By Johan Steyn, 16 August 2023


Throughout history, humans have showcased an innate talent for developing tools — a characteristic that has propelled our species to overcome challenges and reshape our world. Our capacity for innovation, creation and refinement is a fundamental aspect of our identity. However, nowhere is this trait more conspicuous and complex than in the arena of warfare, particularly when considering an era when the emergence of artificial intelligence (AI) is revolutionising many aspects of our lives.


The story of humans as toolmakers takes on a new dimension in the context of AI. From basic flint tools used by our ancestors to the intricate machinery driven by code and algorithms of the present, our journey is intertwined with technology. This evolution has enabled us to advance weaponry from swords and bows to cannons and firearms. Yet, the 20th century demonstrated the darker potential of our creations with the advent of mechanised warfare during world wars.

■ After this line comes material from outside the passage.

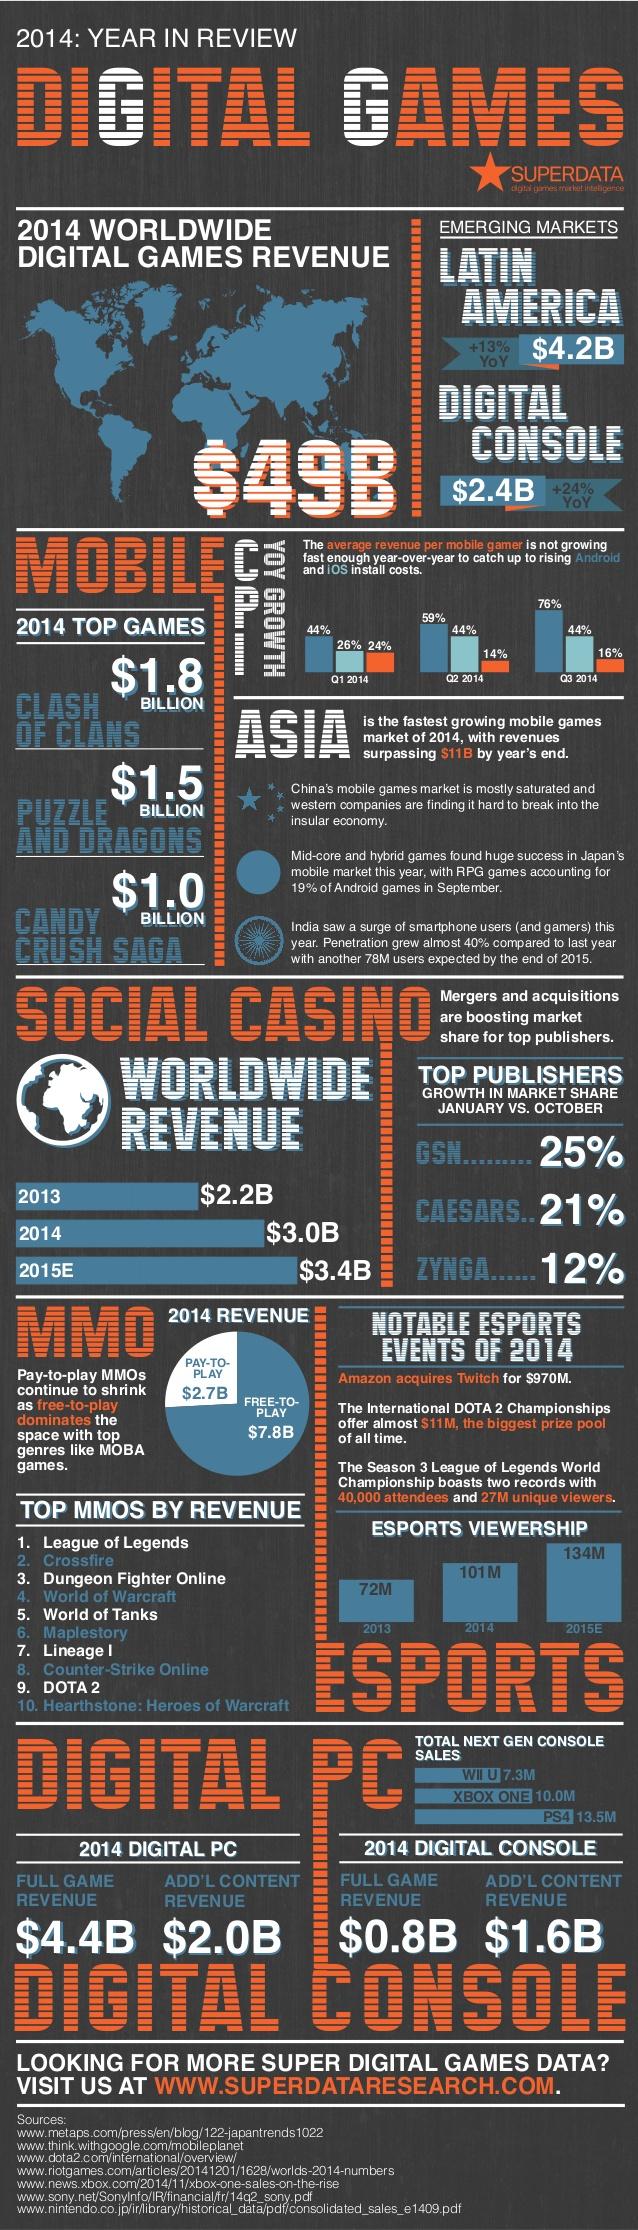 Juegos digitales en 2014
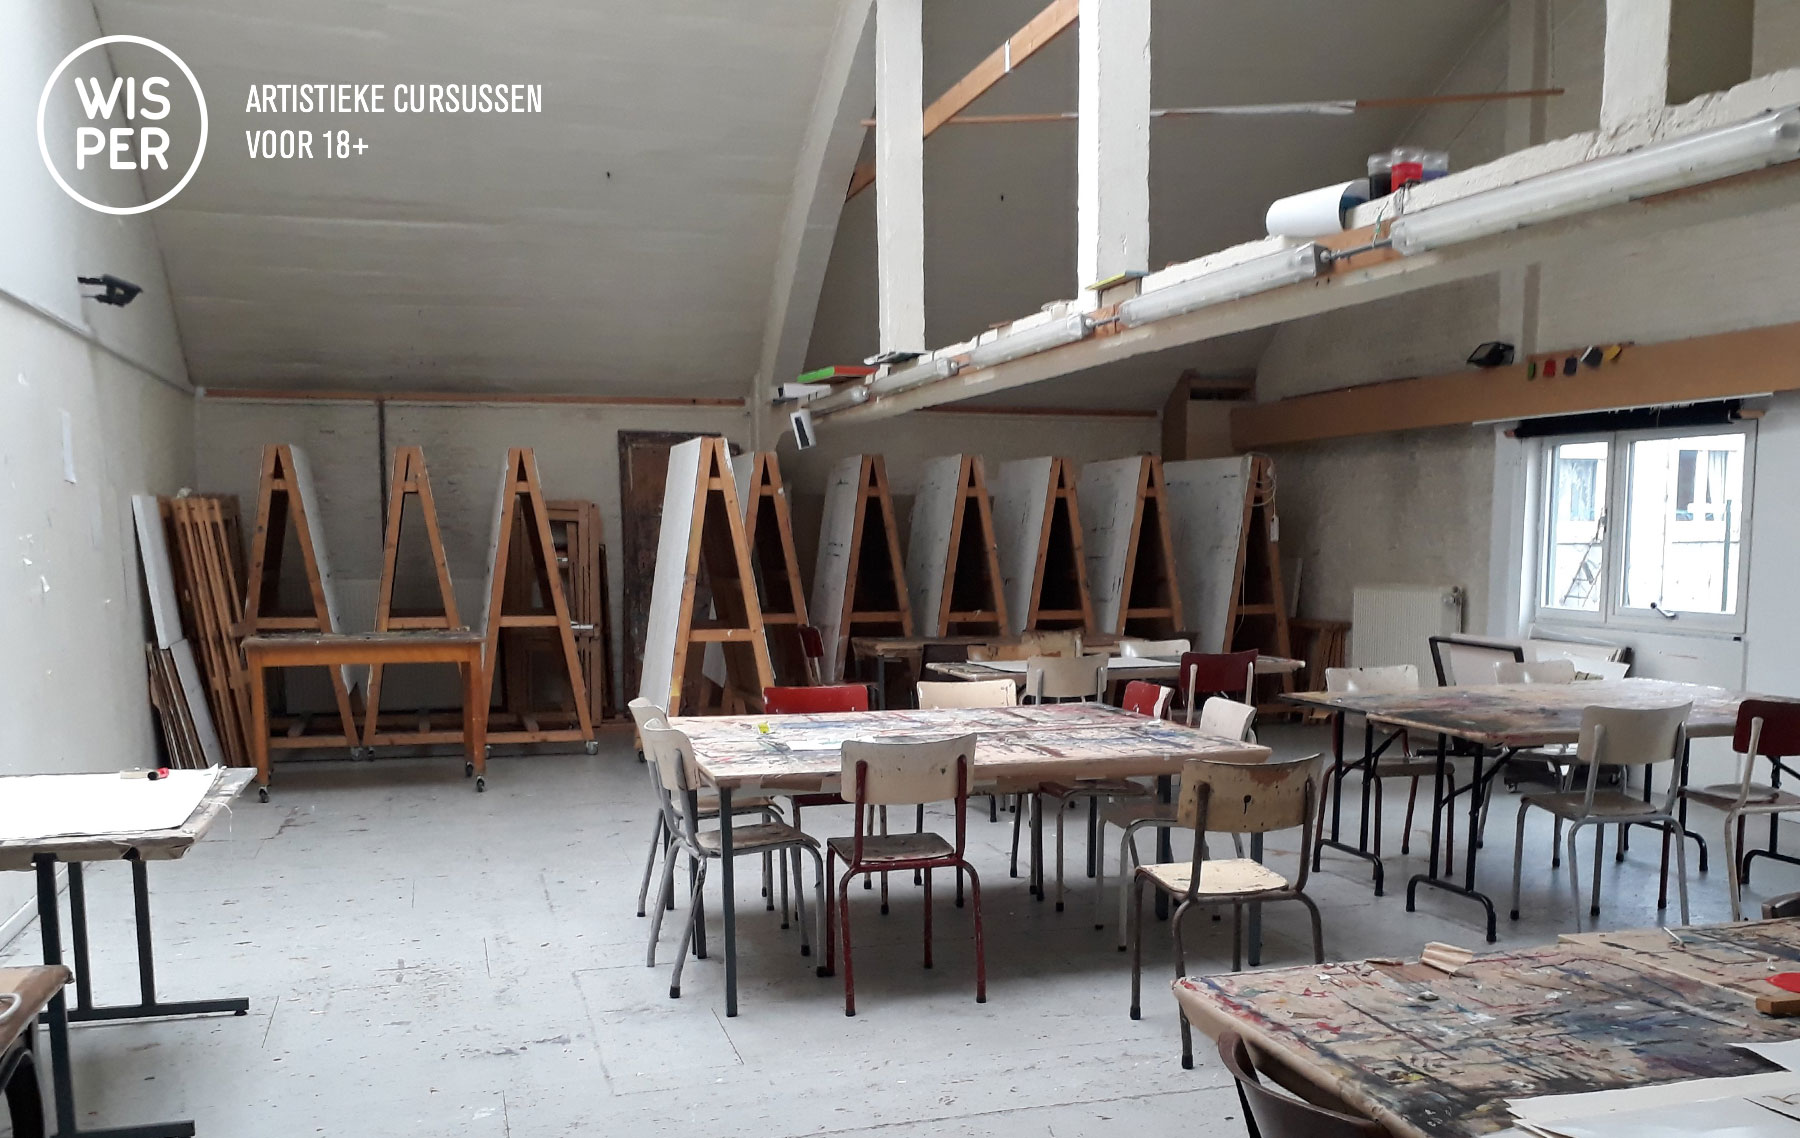 Atelier in Wisper Warande Gent

Perhaps the one book that changed my thinking about the world the most was Jonathan Glover’s 2001 Humanity: A Moral History of the Twentieth Century. The author provides a thought-provoking exploration of the ethical challenges and moral dilemmas that shaped the previous century. The book delves into the various atrocities, conflicts, and technological advancements of the century while examining the underlying moral motivations, decisions, and behaviours that influenced these events.


Glover writes about Harry S Truman’s final decision to drop nuclear bombs on the Japanese cities of Hiroshima and Nagasaki. Though the morality of these weapons has been debated for some time, it came down to a rather casual conversation over tea. The author explores the ethicality of such weapons. Whereas in past centuries a soldier had to look his enemy in the eyes before killing him, nowadays one person makes a decision thousands of kilometres away from where the devastation would occur.


In the age of autonomous weaponry, the decision to kill is no longer in the hands of a human. AI-driven tools such as autonomous drones and cyberweapons are altering the landscape of conflict, posing novel ethical questions about the roles of humans and machines in decision-making on the battlefield.


A must-watch exploration on the topic is Netflix’s Unknown: Killer Robots. The race for military supremacy through AI-driven innovations has taken centre stage. Industry players are ushering in an era in which autonomous drones and other AI-powered tools could potentially replace soldiers in hazardous scenarios, navigate treacherous terrains and even eliminate threats with precision.


AI-led warfare is not a futuristic reality — it is already taking place. The Washington Post reported in an article, “Russia and Ukraine are fighting the first full-scale drone war”, that the war that started with tanks and trenches has taken on a digital-age dimension, featuring reconnaissance and attack drones that have become pivotal in the continuing struggle.


In a recent interview, author and historian Yuval Noah Harari explained that where in the past our tools gave us power, we are now in an era where AI-driven tools take power away from us. Our tools can now make autonomous decisions and even create new ideas.


Humans are tool makers. But now our tools are able to make other tools. And sadly these tools will be killing machines. Will our evolution from flint to code be the start of a watershed moment in our history where our tools turn on us?